European authorities, including the UK's Information Commissioner, have since declared the US operation "illegal" and have begun to press financial institutions to put a stop to the warrantless and unprotected transfers of private banking data to the US authorities.
This programme remained a secret from privacy watchdogs - even from those people whose data was being handed over to US investigators - until the New York Times unearthed it last June. Yet HM Treasury knew about it for some years.
A spokesman for the Bank of England told The Register: "Swift told us in 2002 that it had agreed with the US subpoenas. We told Swift it should tell the government. We told HM Treasury. We felt they should know."
The G10 central banks, which act as Swift's oversight board, were told about the subpoenas in February 2002, European Central Bank (ECB) president Jean-Claude Trichet told the EU Parliament in October.
But the ECB had decided (http://www.ecb.int/press/key/date/2006/html/sp061004.en.html) not to warn "other relevant authorities" about Swift's decision to give US authorities access to its international banking transactions because it believed its own responsibility for "professional confidentiality" among its members was more important.
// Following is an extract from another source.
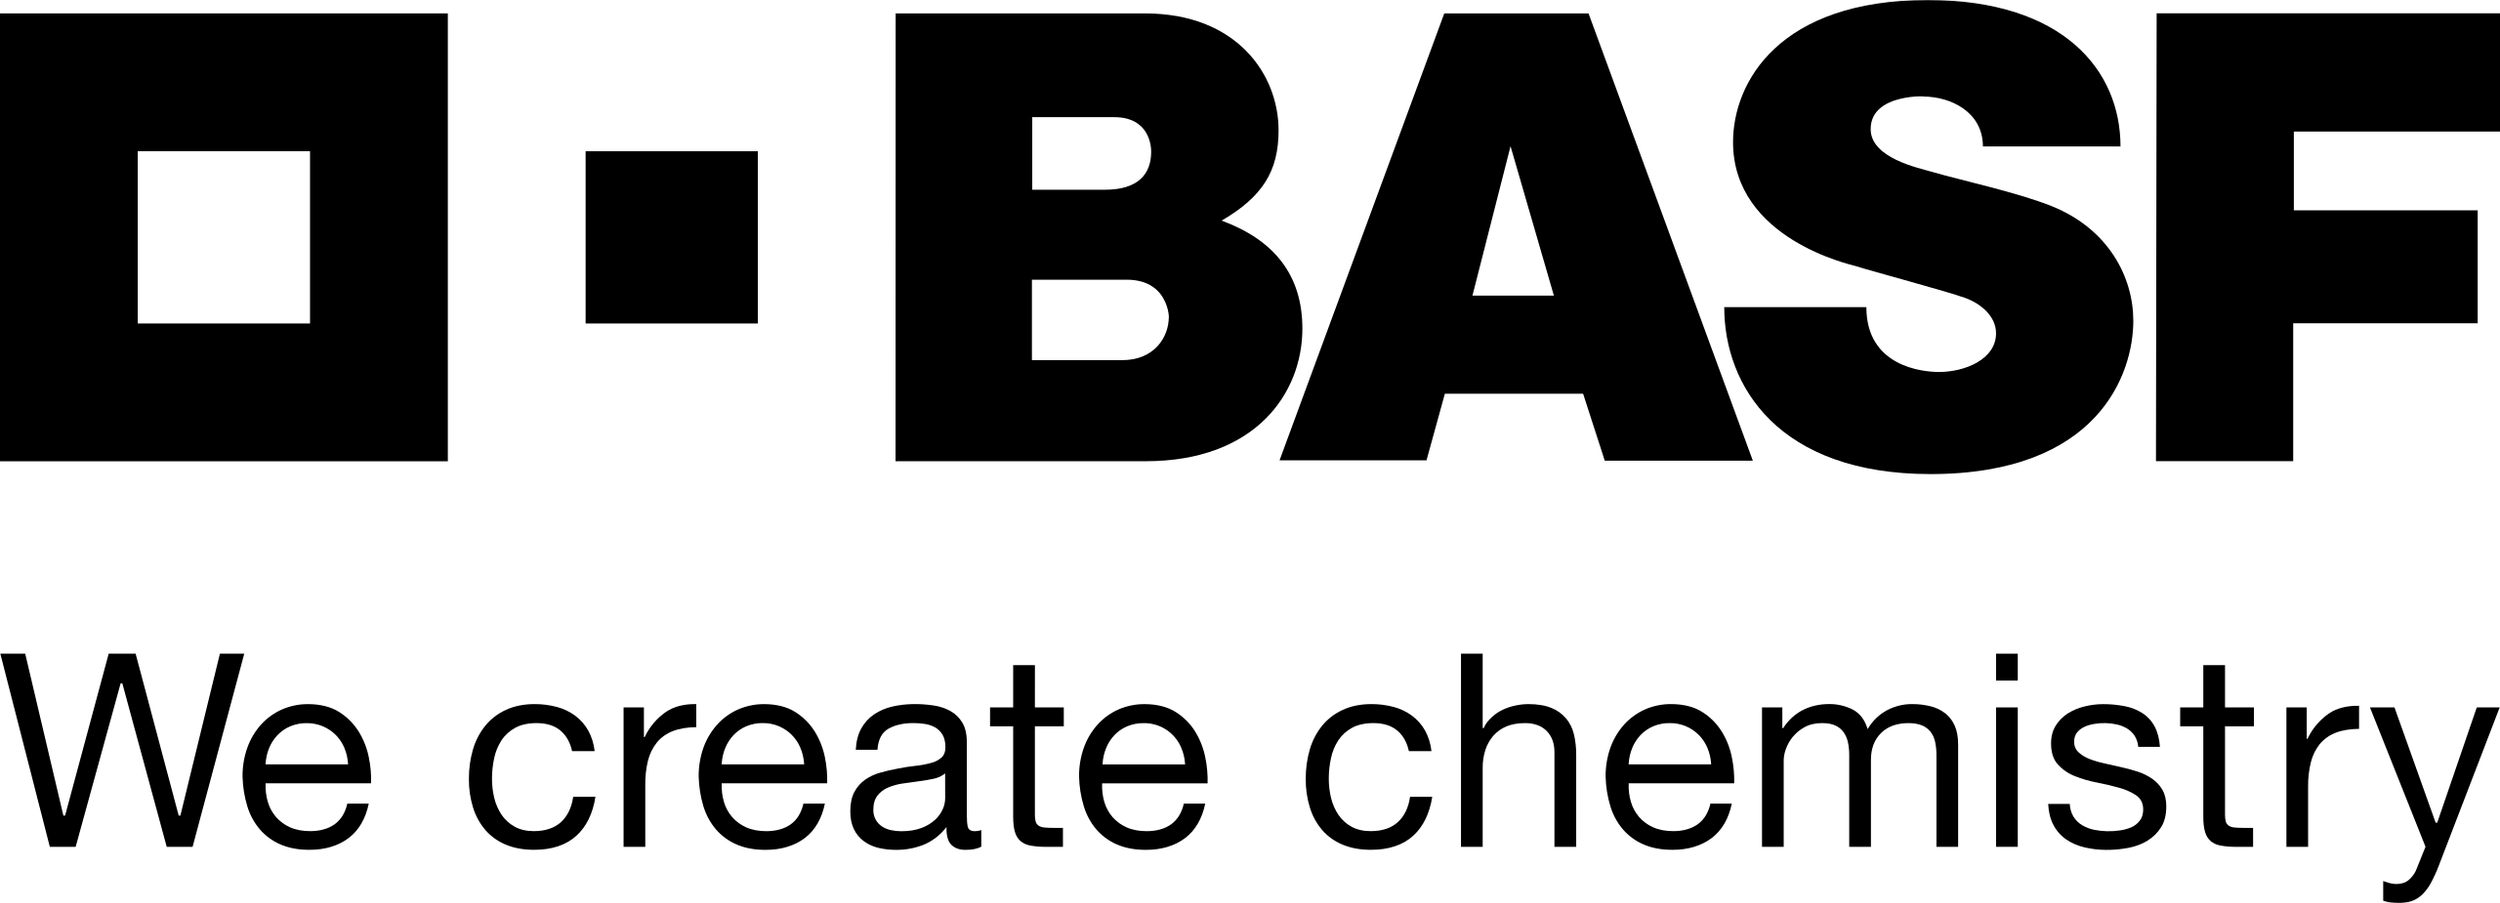 BASF-Logo_bw.svg-2560x925.png

Other European authorities like the European Data Protection Supervisor might not have been informed, but more European governments might have been aware of the illegal data trawl than just the British.
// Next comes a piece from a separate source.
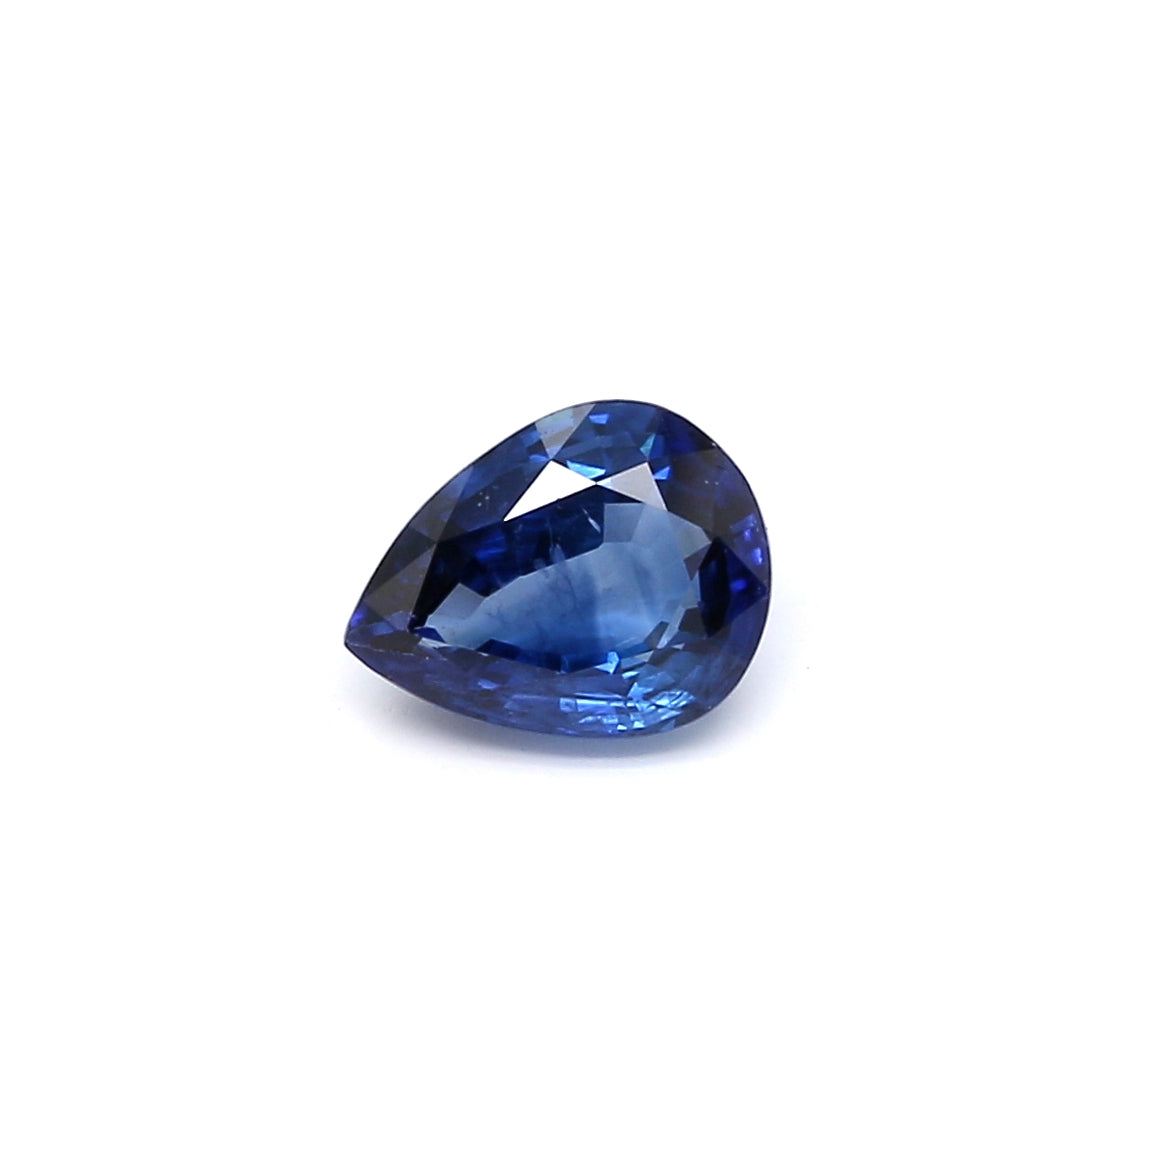 1.29ct Pear Shape Sapphire, Heated, Sri Lanka - 7.65 x 5.97 x 3.39mm

A source involved in the ongoing European investigations told The Register: "As far as I understand, some central banks I know decided to tell their governments. I've been told that it was a few countries."
The European Parliament passed a resolution this week that stated its concern that the US trawl of EU financial data had gone on so long in violation of "European and national data protection legislation" and without the proper authorities being informed.
It told the European Commission to find out if systems such as Swift's made it easier for foreign governments to commit industrial espionage at the expense of European firms. No specific reference was made to the US Treasury's subpoenas on Swift in this regard, but the example being used on the street in Brussels is Airbus.
It also endorsed the opinion (http://www.theregister.co.uk/2007/02/01/ecb_swift_edps/) of the European Data Protection Supervisor who two weeks ago said the ECB should be concerned about the privacy because if people thought their transactions weren't secure they might lose confidence in the financial system.
The ECB admitted to the Parliament in November how the "smooth functioning of the global financial system" was dependant on Swift. Indeed, it was an "indispensable precondition" for "two core central bank tasks": to maintain financial and price stability. It said privacy was the concern of the data protection authorities, but its steadfast adhesion to its confidentiality principle suggested they might have a hard time learning of similar indiscretions in the future.
HM Treasury said in a statement: "On the financial stability point/impact on business confidence, we say that there is no greater risk to the financial system that the criminal abuse of or a terrorist attack on the system."
"As you know this is a US project, and we don't comment on this or any other security matter," it added.
It suggested the Home Office would be better placed to comment about Swift's involvement in terrorist finance investigations because it was more of a security than a financial issue.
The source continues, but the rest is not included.